深層は先程までの自然豊かな森というイメージから、少し不気味で相手に不安な気持ちにさせそうなどんよりとした雰囲気が漂っていた。
結衣!結衣はどこだ……
そんな事を脳内で呟きながらどんどん森の深部へと向かっていると、今自分が向かっている先から微かに聞き覚えのある声が聞こえた。
「この声!?結衣か!」
「誰か助けて!!!!」
ようやく見つけた結衣は涙目でこちらに全力疾走で向かってきており、これはお兄ちゃんがカッコよくて結衣を襲っているモンスターを倒して、妹からの好感度をアップさせるチャンス!と思った優弥はこちらに向かって走って来ている結衣に向かって格好つけて話しかけた。
「フッここは俺に任せて先に行きな」
「ありがとうございます!」
まさかの結衣のあっさりすぎる反応に、少し肩を落としたが、そこはまぁ初心者だし……という事で何とか平静を取り戻し、結衣を追っていたであろうモンスターの方へと武器を取り出し、そのままそれをそのモンスターに向けた。
「さぁかかって来い!」
そうして出て来たのは、明らかどう考えてもここ始まりの森にはいちゃ行けないレベルのモンスター、バチバチと雷を発生させている白銀の体毛を持つ、全長で5メートルはあるであろう巨大なモンスター白銀の狼、ユニークボスが序盤の草むらから飛び出した。
「ファー!!!」
まさかの敵に驚き一瞬硬直した瞬間に、天から降り注いだ大量の雷に集中砲火された優弥は、本来の装備なら耐えていただろう攻撃だったが、残念な事に今は変装の為に適当な装備に着替えていた事もあり、攻撃が全弾命中した優弥は驚きながら、何の活躍も無しにそのまま死亡した。
「は?何でユニークボスがあんな所に……それも多分あれ初発見だよな?」
死亡した優弥はログアウトし、色々情報をネットで調べてみるが、やはり先程出会ったユニークボスはまだ未発見だったことが分かった。
「始めた初日にまだ未発見だったユニークボスと接敵するって、どんな確率だよ……」
翌日
「ようやく見つけた……」
今日も結衣を始まりの森ので探し回っていたのだが結局見つからず、もしかしたらと思い森とは逆方向にある平原へと向かうと、空中浮遊している結衣の姿があった。
「結衣の奴もしかして空の指輪使ってんのか?」
確か空の指輪って使用にMP使ったよな?
まだ結衣は初めて2日だから総MP量は少ないと思うし、差し入れにMPポーションでも持って行ってやるかな。

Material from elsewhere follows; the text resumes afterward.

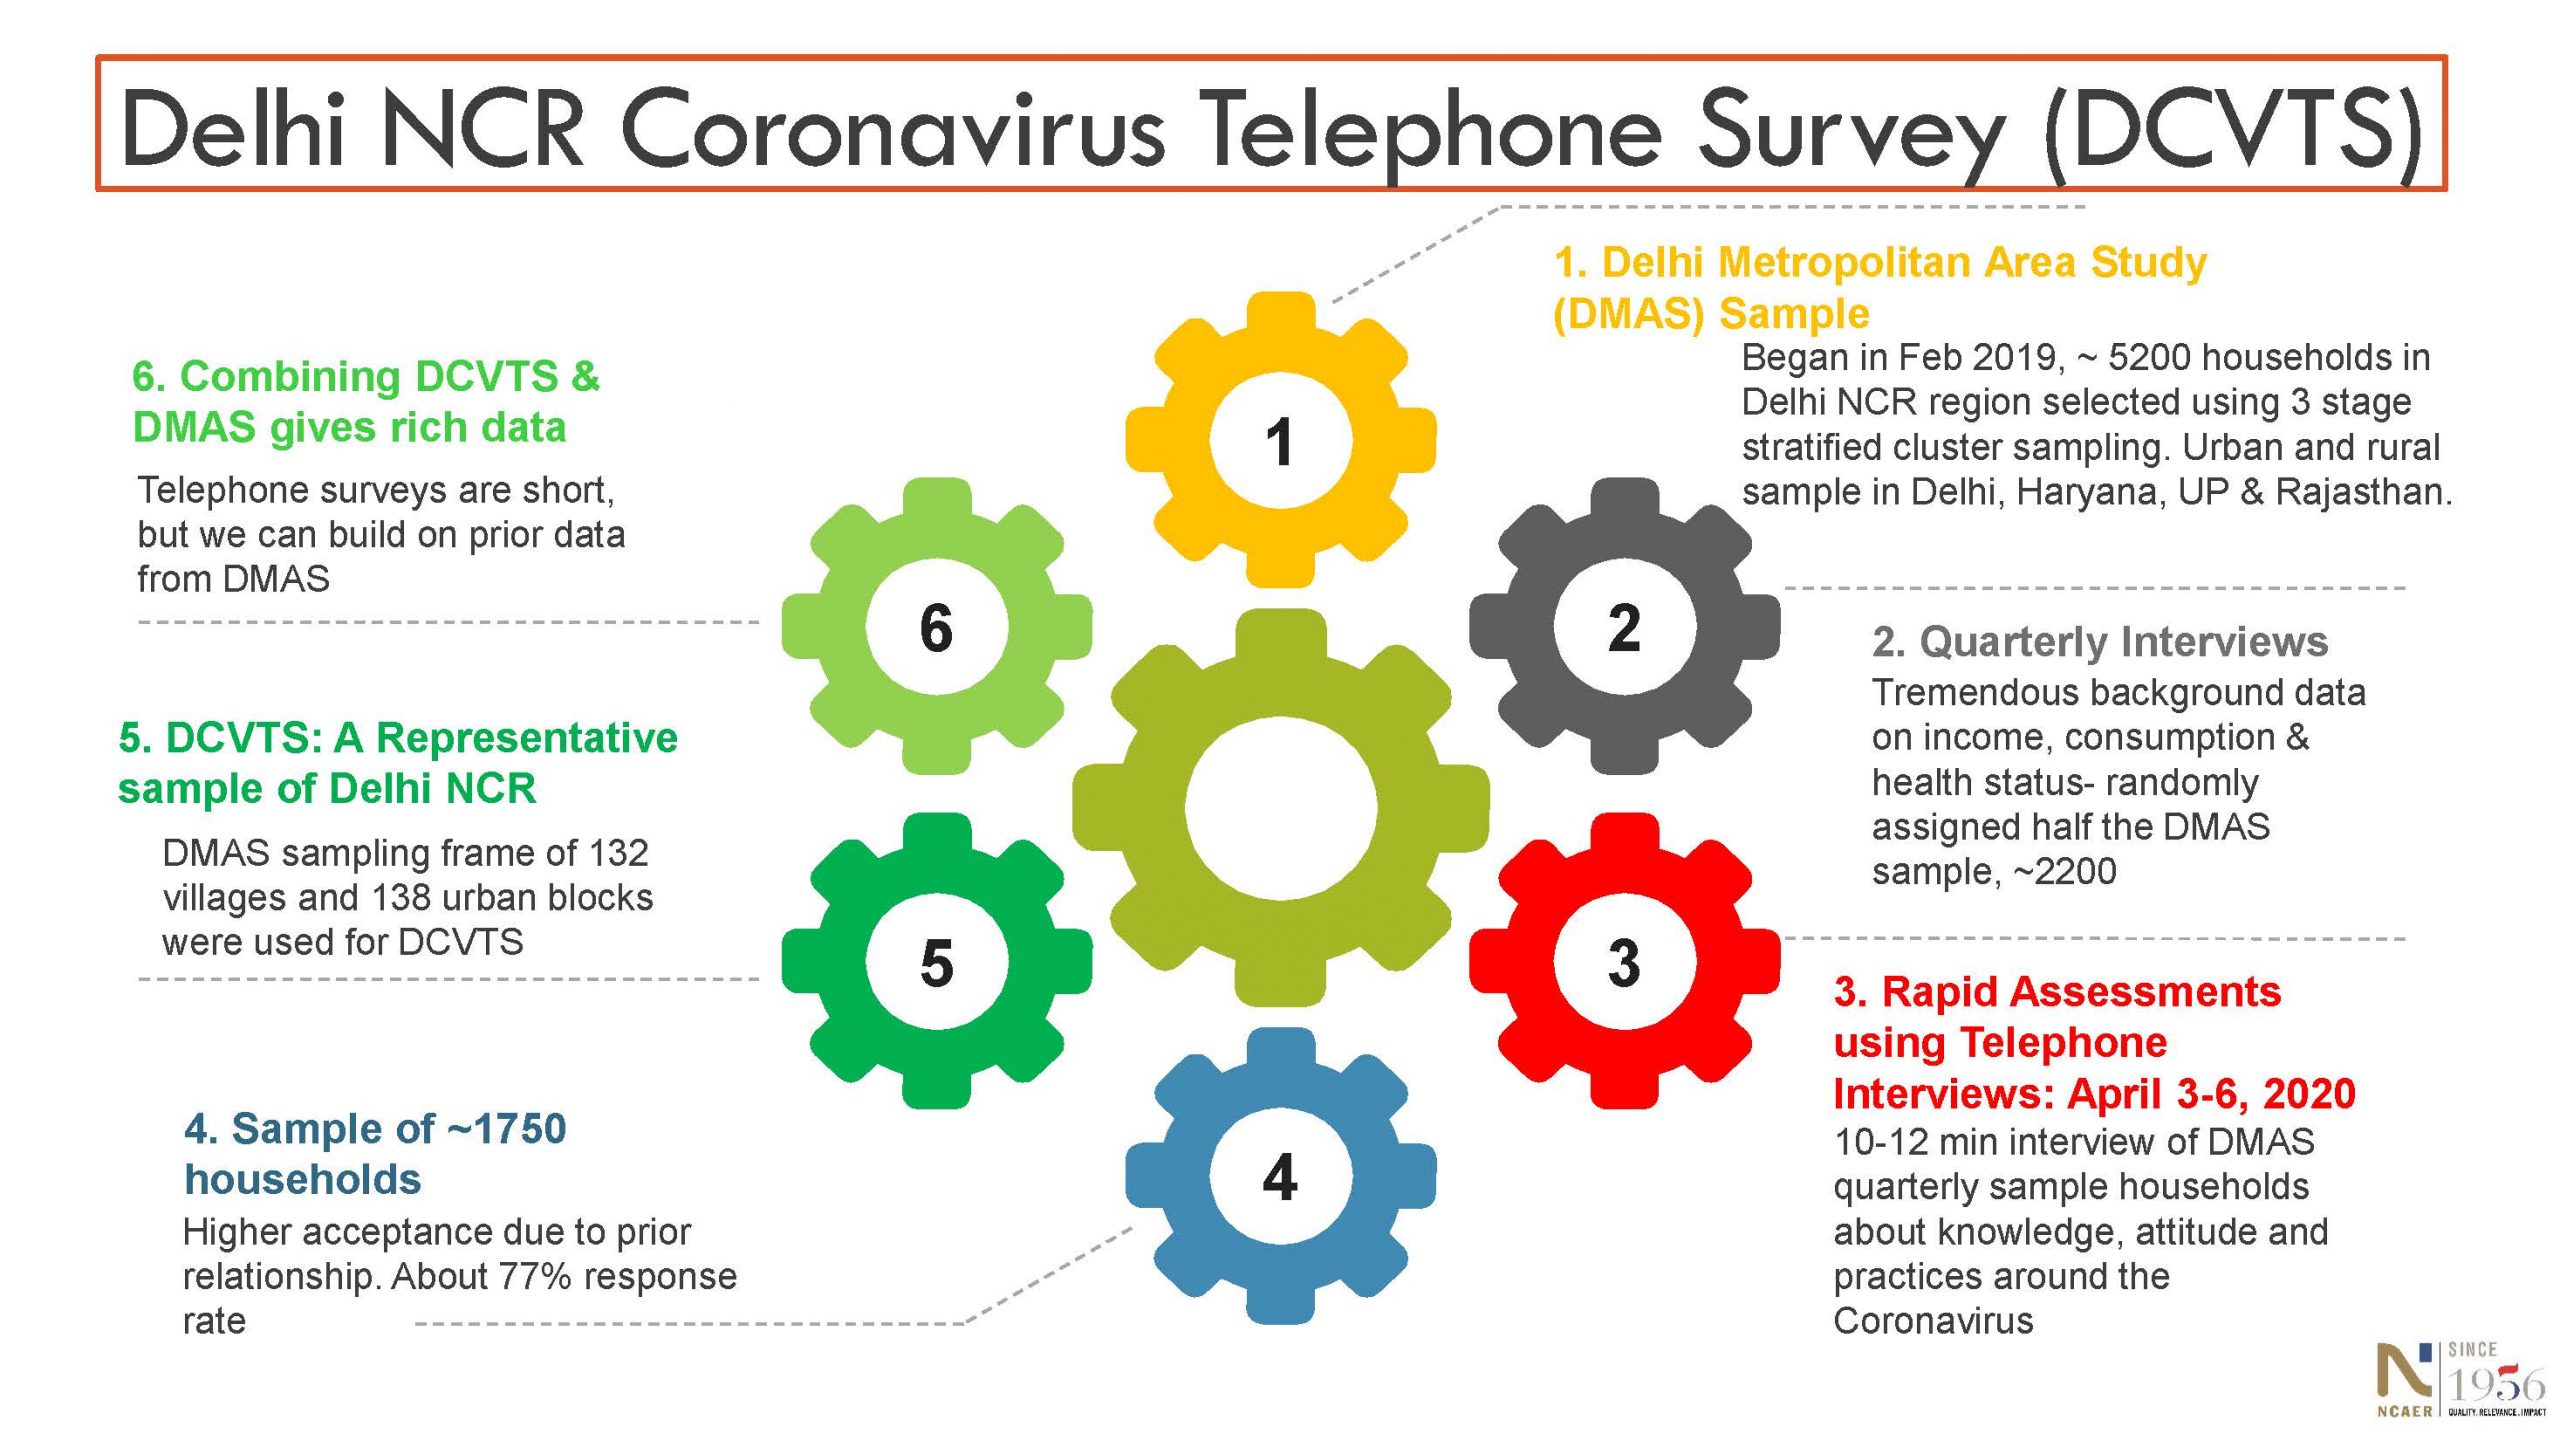 670Delhi NCR Coronavirus Telephone Survey (DCVTS)

優弥がアイテムポーチからMPポーションを取り出そうとしたその時、自分とは別の場所にいた僧侶らしき人物が、結衣の元へと近づくと軽く話をして結衣にMPポーションを手渡した。
「アイツ!何処の誰だか知らないが先を越された!」
ここで出ていくのは何だか二番煎じ感があって嫌だと思った優弥は、MPポーションをそっとアイテムポーチに戻すと、またしても隠れて様子を見始めた。
その後も何度か飛び出そうとした所を何度も邪魔されて、結局の所結衣の前に現れることが出来ずに始まりの洞窟までやって来ていた。
「始まりの洞窟の推奨レベルはLV7だ。今までの結衣のプレイ時間から多くてもLV4が最高だ。今度こそかっこよく登場してみせる!」
そして遂にその時は来た。
結衣がモンスターハウスに掛かったのだ。
今度は補足の事態も考えて完全装備で準備万端
よし行くぞ!
そう足を伸ばした次の瞬間自分と結衣が入って来た洞窟とは別の場所から、赤色の番傘が結衣に襲いかかるスケルトンの集団に飛んで、一瞬でその集団を経験値へと変えた。
「もぉぉぉ!またかよぉぉぉ!!!何でさっきから邪魔するんだよ!」
そうして赤の番傘を持った女がスケルトンに対して無双する姿を、洞窟の入り口で指を咥えて本当は自分がそこの立場に居るはずだったのにと思いながら見ていた。
「と言うかあの赤色の傘どっかで見たことがある様な……」
そんな事を思いながら見ていると、結衣が洞窟の奥へと1人で進んで行き追いかけようとしたその時、赤の番傘を持った女性に嫌に冷徹な声で話しかけられた。